--- SOURCE MATERIAL Enclosed Below ---
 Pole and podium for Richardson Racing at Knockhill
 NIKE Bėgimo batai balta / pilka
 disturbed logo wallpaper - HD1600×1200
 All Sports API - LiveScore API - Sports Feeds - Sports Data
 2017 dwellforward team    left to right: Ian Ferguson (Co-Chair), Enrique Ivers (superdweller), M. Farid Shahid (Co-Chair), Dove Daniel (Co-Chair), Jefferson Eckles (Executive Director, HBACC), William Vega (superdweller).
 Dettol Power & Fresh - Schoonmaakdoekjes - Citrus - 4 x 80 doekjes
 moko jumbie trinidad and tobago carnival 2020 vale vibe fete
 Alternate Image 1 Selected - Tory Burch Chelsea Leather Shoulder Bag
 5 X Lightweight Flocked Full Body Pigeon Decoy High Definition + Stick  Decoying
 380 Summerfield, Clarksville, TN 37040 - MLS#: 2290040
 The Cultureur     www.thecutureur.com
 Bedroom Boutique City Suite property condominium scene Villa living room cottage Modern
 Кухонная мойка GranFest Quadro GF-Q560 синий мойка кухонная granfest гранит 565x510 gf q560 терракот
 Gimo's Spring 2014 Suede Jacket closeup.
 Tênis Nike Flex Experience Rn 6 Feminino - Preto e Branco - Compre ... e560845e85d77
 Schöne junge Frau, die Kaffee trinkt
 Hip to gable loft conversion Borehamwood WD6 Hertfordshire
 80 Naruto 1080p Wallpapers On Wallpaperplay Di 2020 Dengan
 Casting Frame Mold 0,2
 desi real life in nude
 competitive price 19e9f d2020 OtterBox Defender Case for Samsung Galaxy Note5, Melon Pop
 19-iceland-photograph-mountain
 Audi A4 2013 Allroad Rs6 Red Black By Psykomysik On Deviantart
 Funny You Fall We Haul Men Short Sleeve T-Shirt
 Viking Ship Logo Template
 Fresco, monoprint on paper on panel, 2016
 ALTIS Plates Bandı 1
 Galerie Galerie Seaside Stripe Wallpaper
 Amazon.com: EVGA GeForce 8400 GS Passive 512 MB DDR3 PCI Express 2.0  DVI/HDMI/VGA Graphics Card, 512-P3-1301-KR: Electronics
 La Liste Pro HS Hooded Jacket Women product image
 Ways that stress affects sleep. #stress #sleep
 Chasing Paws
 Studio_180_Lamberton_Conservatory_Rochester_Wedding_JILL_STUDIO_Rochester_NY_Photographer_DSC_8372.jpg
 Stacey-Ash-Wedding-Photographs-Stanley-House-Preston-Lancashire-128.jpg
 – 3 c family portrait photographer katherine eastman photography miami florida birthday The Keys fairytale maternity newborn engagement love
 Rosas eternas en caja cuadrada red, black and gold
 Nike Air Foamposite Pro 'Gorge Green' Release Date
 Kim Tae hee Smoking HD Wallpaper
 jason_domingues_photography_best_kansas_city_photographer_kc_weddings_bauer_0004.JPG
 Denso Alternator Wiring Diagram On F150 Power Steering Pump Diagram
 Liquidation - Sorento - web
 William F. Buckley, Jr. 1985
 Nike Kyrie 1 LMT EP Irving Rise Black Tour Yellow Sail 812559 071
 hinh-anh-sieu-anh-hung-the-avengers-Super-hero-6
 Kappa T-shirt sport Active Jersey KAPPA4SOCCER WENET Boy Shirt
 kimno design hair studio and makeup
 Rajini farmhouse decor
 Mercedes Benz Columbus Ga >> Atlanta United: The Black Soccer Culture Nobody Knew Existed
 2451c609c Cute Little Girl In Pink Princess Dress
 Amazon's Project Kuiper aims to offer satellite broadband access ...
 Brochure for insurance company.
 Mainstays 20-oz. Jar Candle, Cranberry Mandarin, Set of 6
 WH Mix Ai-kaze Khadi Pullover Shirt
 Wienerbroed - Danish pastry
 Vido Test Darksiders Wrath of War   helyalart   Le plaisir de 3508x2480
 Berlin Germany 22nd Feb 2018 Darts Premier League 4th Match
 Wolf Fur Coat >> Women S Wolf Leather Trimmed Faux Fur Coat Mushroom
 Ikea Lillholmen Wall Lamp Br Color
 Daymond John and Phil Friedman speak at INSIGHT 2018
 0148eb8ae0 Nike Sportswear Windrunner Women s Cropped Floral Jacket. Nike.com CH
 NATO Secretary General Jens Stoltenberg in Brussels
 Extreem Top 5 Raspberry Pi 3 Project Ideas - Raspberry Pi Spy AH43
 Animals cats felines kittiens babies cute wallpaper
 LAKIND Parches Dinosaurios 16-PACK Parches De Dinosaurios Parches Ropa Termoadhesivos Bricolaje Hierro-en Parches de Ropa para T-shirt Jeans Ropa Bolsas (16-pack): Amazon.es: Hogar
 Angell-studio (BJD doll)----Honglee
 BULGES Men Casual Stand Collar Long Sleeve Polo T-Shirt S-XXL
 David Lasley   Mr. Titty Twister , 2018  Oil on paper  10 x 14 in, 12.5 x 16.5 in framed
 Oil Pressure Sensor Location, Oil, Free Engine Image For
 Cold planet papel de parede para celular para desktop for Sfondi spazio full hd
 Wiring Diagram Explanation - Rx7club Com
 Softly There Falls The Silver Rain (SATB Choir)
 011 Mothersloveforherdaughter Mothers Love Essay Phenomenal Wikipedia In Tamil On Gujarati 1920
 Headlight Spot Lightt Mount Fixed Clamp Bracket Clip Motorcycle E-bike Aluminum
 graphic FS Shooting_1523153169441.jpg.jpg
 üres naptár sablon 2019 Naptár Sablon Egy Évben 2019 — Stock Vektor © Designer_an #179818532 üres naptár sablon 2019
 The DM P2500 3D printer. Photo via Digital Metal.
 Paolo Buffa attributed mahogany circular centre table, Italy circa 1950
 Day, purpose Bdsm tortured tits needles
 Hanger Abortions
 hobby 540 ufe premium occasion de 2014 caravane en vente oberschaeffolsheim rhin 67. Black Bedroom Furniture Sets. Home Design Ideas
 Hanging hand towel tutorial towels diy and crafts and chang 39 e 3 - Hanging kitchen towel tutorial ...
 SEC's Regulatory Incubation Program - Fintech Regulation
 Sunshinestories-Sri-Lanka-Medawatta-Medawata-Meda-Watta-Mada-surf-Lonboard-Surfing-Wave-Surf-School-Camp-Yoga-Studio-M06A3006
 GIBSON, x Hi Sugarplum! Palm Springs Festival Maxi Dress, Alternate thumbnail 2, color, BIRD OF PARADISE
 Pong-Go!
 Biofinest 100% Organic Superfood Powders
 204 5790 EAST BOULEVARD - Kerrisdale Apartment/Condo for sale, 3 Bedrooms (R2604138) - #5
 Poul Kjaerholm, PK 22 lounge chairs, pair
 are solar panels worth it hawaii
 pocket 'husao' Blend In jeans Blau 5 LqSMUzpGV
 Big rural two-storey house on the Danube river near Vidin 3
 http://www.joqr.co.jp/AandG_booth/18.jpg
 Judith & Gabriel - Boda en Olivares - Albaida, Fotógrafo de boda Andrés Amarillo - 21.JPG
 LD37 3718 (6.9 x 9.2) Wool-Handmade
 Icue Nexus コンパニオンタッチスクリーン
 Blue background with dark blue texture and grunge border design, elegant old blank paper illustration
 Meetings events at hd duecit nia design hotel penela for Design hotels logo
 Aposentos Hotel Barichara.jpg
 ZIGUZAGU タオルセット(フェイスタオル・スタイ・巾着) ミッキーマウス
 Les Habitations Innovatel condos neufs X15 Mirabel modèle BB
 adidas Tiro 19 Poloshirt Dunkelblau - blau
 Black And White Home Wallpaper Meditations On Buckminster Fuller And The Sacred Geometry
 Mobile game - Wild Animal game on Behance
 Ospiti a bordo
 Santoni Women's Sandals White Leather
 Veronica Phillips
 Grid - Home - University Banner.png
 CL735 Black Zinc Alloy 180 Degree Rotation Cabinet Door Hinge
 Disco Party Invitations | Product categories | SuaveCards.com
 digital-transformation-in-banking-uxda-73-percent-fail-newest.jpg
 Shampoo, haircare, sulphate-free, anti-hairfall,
--- End of Enclosed SOURCE MATERIAL ---
EXERCISE INSTRUCTIONS: Wherever a line above contains "Amazon", copy that line.

ANSWER FOR THIS EXERCISE:
 Amazon.com: EVGA GeForce 8400 GS Passive 512 MB DDR3 PCI Express 2.0  DVI/HDMI/VGA Graphics Card, 512-P3-1301-KR: Electronics
 Amazon's Project Kuiper aims to offer satellite broadband access ...
 LAKIND Parches Dinosaurios 16-PACK Parches De Dinosaurios Parches Ropa Termoadhesivos Bricolaje Hierro-en Parches de Ropa para T-shirt Jeans Ropa Bolsas (16-pack): Amazon.es: Hogar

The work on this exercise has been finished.